To walk past them at midnight, after a liberal libation of Pernod, was a thing plus troublant. All of the villagers commented upon it. The twelve sentinels. They appeared to loom over one with a menace that could send you toppling into the drift, drunk or no. The legend soon spread. La douzaine du diable.

There were those who refused to walk along that way after dark, claiming an evil had befallen the villages, and the icy creatures were somehow cursed, but such tales did not worry Old Patrice.

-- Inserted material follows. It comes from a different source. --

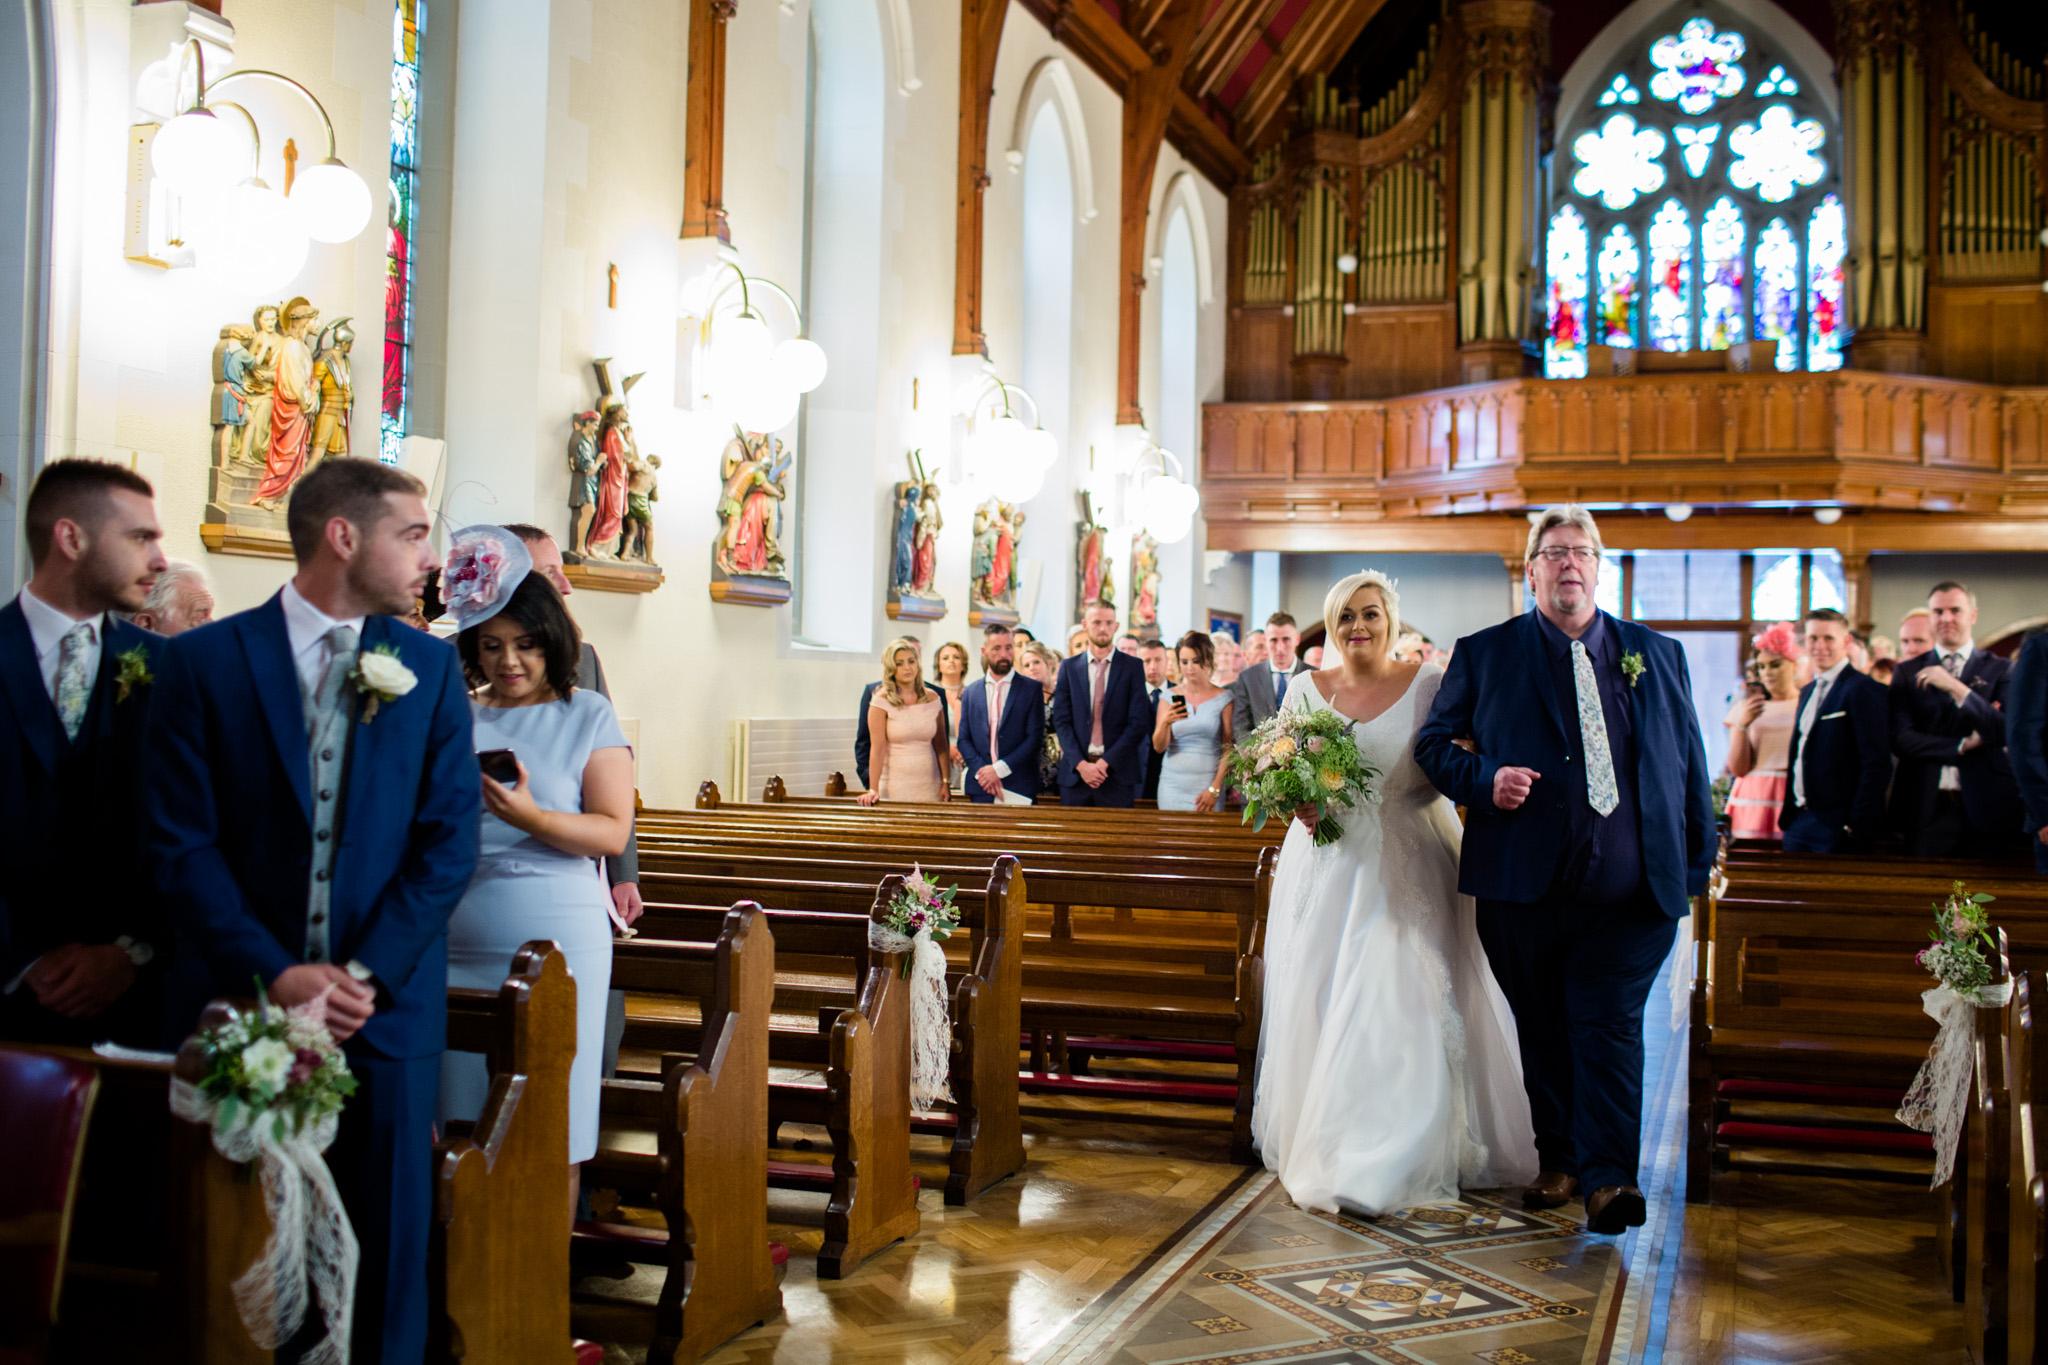 Northern-Ireland-Wedding-Photographer-Mark-Barnes-Ballymena_wedding-photography-Leighinmohr-House-Seamas_Alanna_For-web-18.jpg

An elder of Faverolles, his favourite haunt was a café a few miles northeast of home, and it was his habit to walk there on a Saturday and spend the Sabbath in blissful recovery.

It was a Sunday that I passed back the other way, one early fresh snow-kissed morn. Treize. A thirteenth ice sculpture had joined its brethren, a coven with a new, demonic leader. The latest eerie creation was especially large, with a plump body packed hard by the cackling, breathy slaps of the nocturnal children.

As I passed, three ice-footed hens, white, speckled, and cluck flapping in their hunger and wide-eyed ire, pecked around the feet, seeking some rare and frozen prize below.

It took perhaps a week for the villagers to notice Old Patrice was missing, but it was nearer spring before they discovered the true horror of what happened to him, unthawed even as they lowered him to rest.